Hence we find the BMTIG following a well-worn pattern of fringe reasoning. The undesirable theory is subjected to a very high standard of proof and is arguably deemed thereby "impossible." Then the desirable theory is presented as the default that must hold instead. But the desired theory is not subjected to as high a standard of proof, if to any standard of proof. BMTIG presents no evidence that a collision actually occurred. They compute that the 150 MJ or so of "required" energy could be supplied by a collision with a vessel of a certain size moving at a certain speed. But this is not even remotely evidence that any such collision actually occurred. Hence they are left with little more than conclusory declarations.
Conversely, the bulk of the OK report is spent in testing their own conclusions to a high standard of proof. And as is proper, they expect all the alternatives to meet the same standard of proof. Framed correctly in that manner, it's clear that the surface collision hypothesis fails to rise to even a cursory level of credibility according to the totality of evidence compared to the bottom-contact hypothesis.

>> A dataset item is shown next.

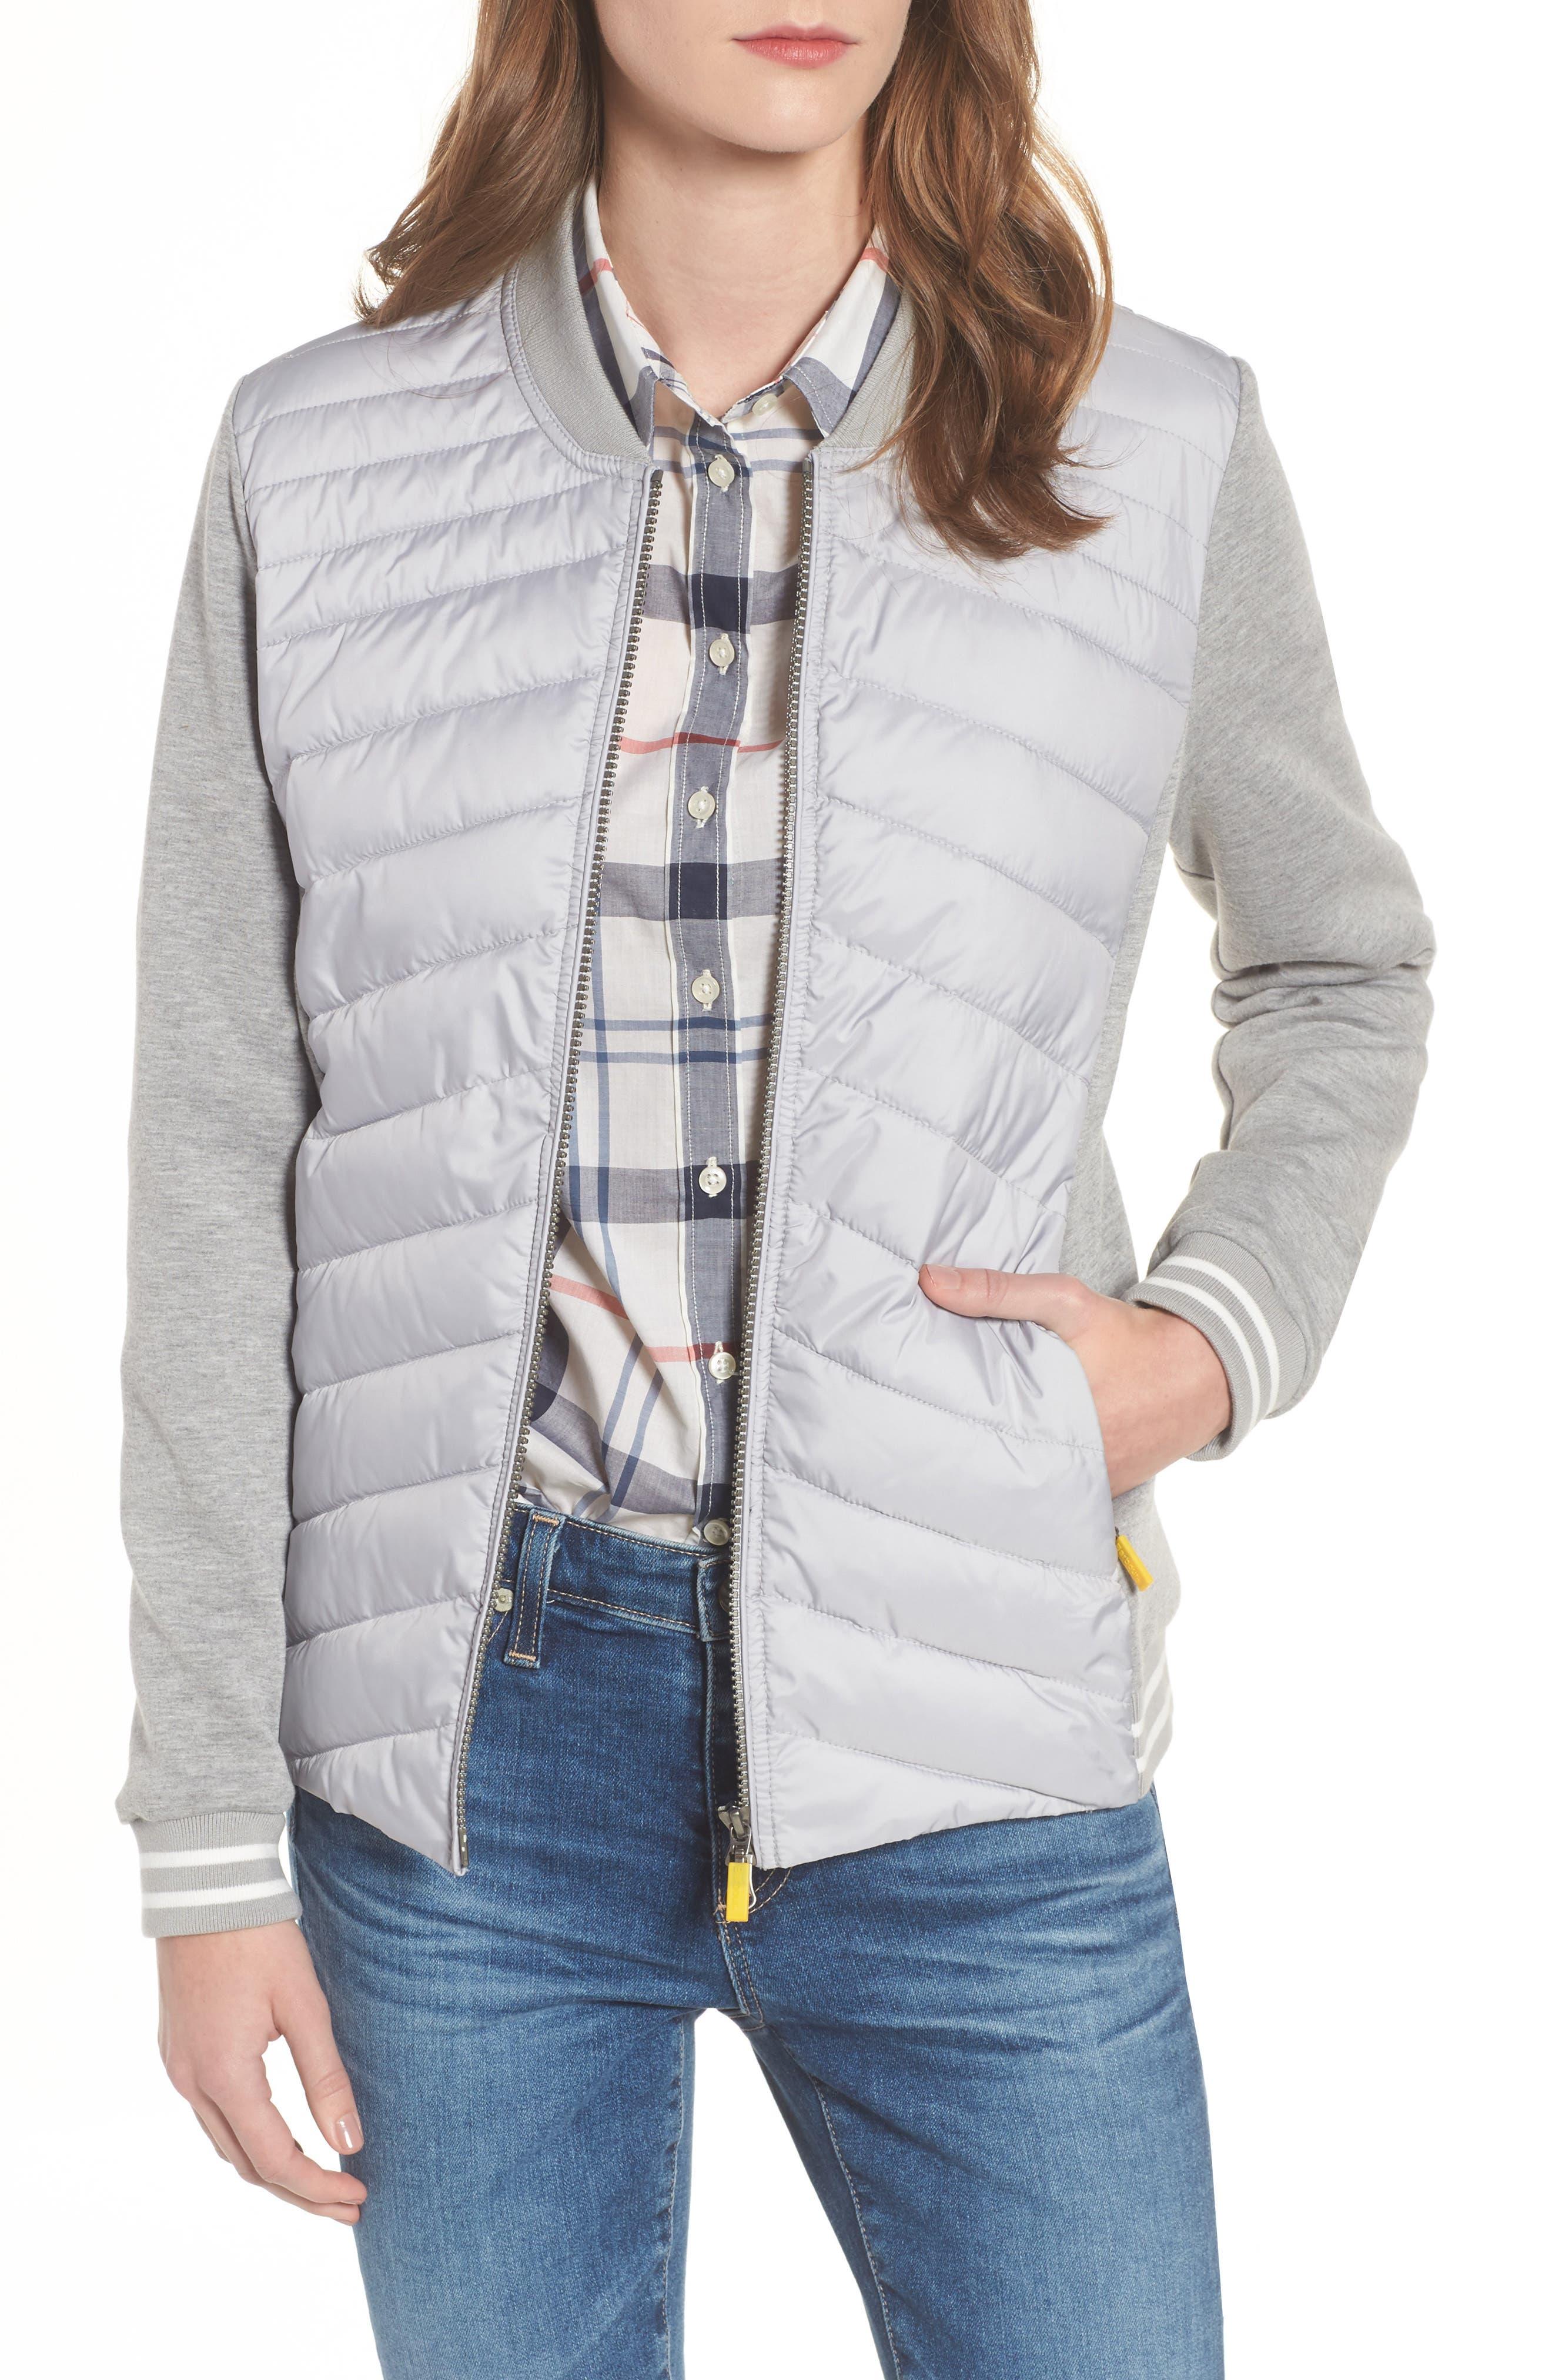 Pembrey Sweatshirt Jacket,                             Main thumbnail 1, color,                             050

Now a word of caution. When I say that the OK's FEM is simpler than the BMTIG's FEM, that is by no means to say that it is less explanatory or less faitfully based on physics. Both models rely on computing the response of steel structure to imposed stress. This is the LS-DYNA computational kernel developed by the U.S. Dept. of Energy. Engineers from the company I worked for at the time, including myself, participated in developing it. It is now owned and maintained by Ansys. The difference is in how those stresses are reckoned, characterized, and quantized. The BMTIG's model proposes to infer them from a kinetic-energy model of the falling vessel, as we've talked about many times. This requires considerable guesswork, as I said before. From such gross factors as reserve buoyancy down to the precision of the ship's attitude as it hits bottom, these are generally uknowable and untestable. From this the BMTIG proposes that the stresses applied across the vessel's stopping distance in the second phase of bottom contact (i.e., after the stern hit) are insufficient to result in the structural deformation observed.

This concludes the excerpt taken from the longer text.